Java is a standard, not just an implementation. Different vendors can license and implement Java differently, as long as they adhere to the standard. By making the standard call for a field, that limits the implementation quite severely, for no good reason.

Also a method is much more flexible in terms of the future of a class. It is almost never done, except in some very early Java classes, to expose a final constant as a field that can have a different value with each instance of the class, rather than as a method.

The length() method well predates the CharSequence interface, probably from its first version. Look how well that worked out. Years later, without any loss of backwards compatibility, the CharSequence interface was introduced and fit in nicely. This would not have been possible with a field.

So let's really inverse the question (which is what you should do when you design a class intended to remain unchanged for decades): What does a field gain here, why not simply make it a method?

Yishai
  • 90,445
  • 31
  • 189
  • 263
  • 2
    That is an interesting thought. A field, for me, is less code with equivalent - or better performance. – Acidic Jan 04 '12 at 00:04
  • 5
    With a tradeoff, of less encapsulation. It can't exist as part of an interface. (Interfaces have constants, but that isn't the same thing) and you can't change your mind about the field. Anyway, any supposed performance benefit is a premature optimization. http://en.wikiquote.org/wiki/Donald_Knuth – Yishai Jan 04 '12 at 00:10
  • "..you can't change your mind.." But if a `String` is immutable, what else can its number of characters be denoted by other than a `final` member? – Acidic Jan 04 '12 at 00:16
  • Good point. If Strings ever wanted to become mutable objects, length() would ensure backwards compatibility, where a final member would complicate such an evolution. – calebds Jan 04 '12 at 00:22
  • @Acidic: Well, the String is a `char[]`, an offset, and a length, right? Couldn't it also be a `char[]`, an offset, and a last index? In that case, length would be `end - start`. As a user, you shouldn't care which approach they take, and as a maintainer, you'd want the flexibility of changing approaches down the line.

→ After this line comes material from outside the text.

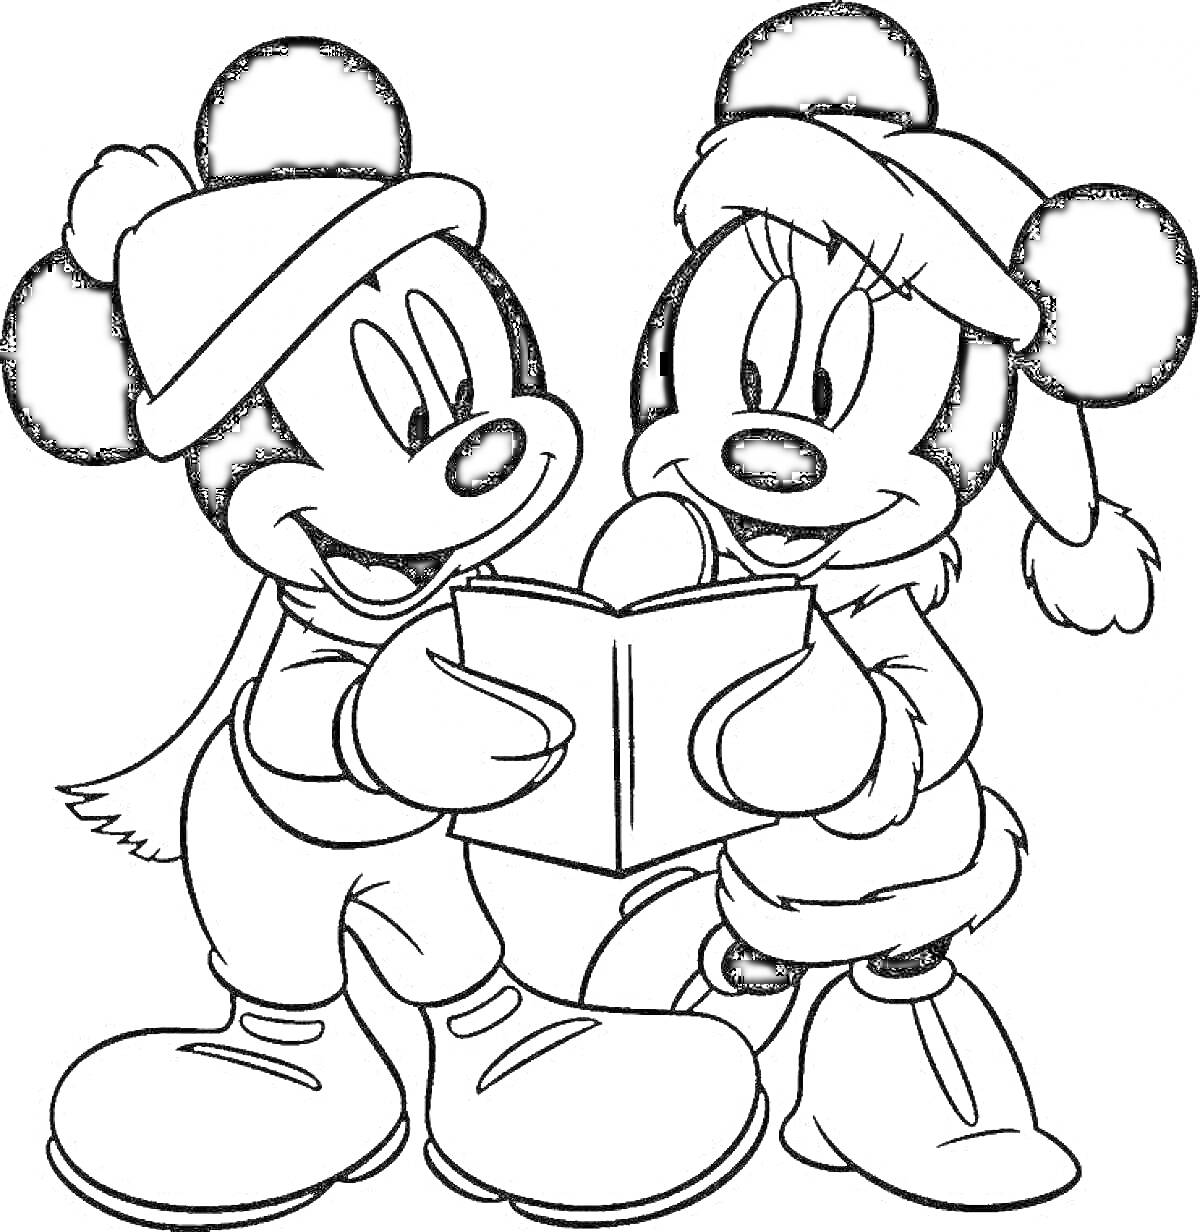 Раскраска Микки и Минни читают книгу в зимней одежде

Fields don't give you that, so you end up locked into an approach which may limit you down the line. – yshavit Jan 04 '12 at 00:24
  • 1
    I don't want to sound like a broken record, but I see no reason to implement a method of calculating an accessible (to the `String` class itself) and constant value. I logically see no reason why a constant should ever be more than it is - a constant. – Acidic Jan 04 '12 at 00:28
  • @Acidic The reason would be that you're uncomfortable specifying a property of an object to be immutable (not constant) for the entire future of your codebase. If you're absolutely certain that a given property will never need to change to a mutable one and are willing to commit to this via an irreversible design choice, go for it. Given how the immutability of Strings is a very important property that will never be changed, whoever originally designed their API could've chosen this option. For whichever reason, he did not, and this choice was later justified by the `CharSequence` interface. – millimoose Jan 04 '12 at 00:47
  • 1
    @Acidic @Inerdial: Even then, don't go for it. Make an accessor method, if for no other reason than for consistency. Why should users of your library have to remember that such-and-such property is a field, but so-and-so is a method? If you want to retroactively add an interface (e.g. `CharSequence`), why make users wonder what's the difference between `length` and `length()`? You can't make all properties be fields, but you can make them all be methods, so just play by good OO rules and use accessor methods unless you have a really good reason to do otherwise. – yshavit Jan 04 '12 at 01:46
  • @Acidic, perhaps this will give you some further insight: http://martinfowler.com/bliki/UniformAccessPrinciple.html – Yishai Jan 04 '12 at 16:17
  • By the way, one advantage of calculating it vs. having a field store it is in an environment where memory is very constrained. Forcing that to be stored for every string, instead of calculated when needed (potentially much less often) may cause problems. I wouldn't worry about it, but as a standard, it forces the implementation into a corner to specify a field instead of a method. – Yishai Jan 04 '12 at 16:19
4

Perhaps a .length() method was considered more consistent with the corresponding method for a StringBuffer, which would obviously need more than a final member variable.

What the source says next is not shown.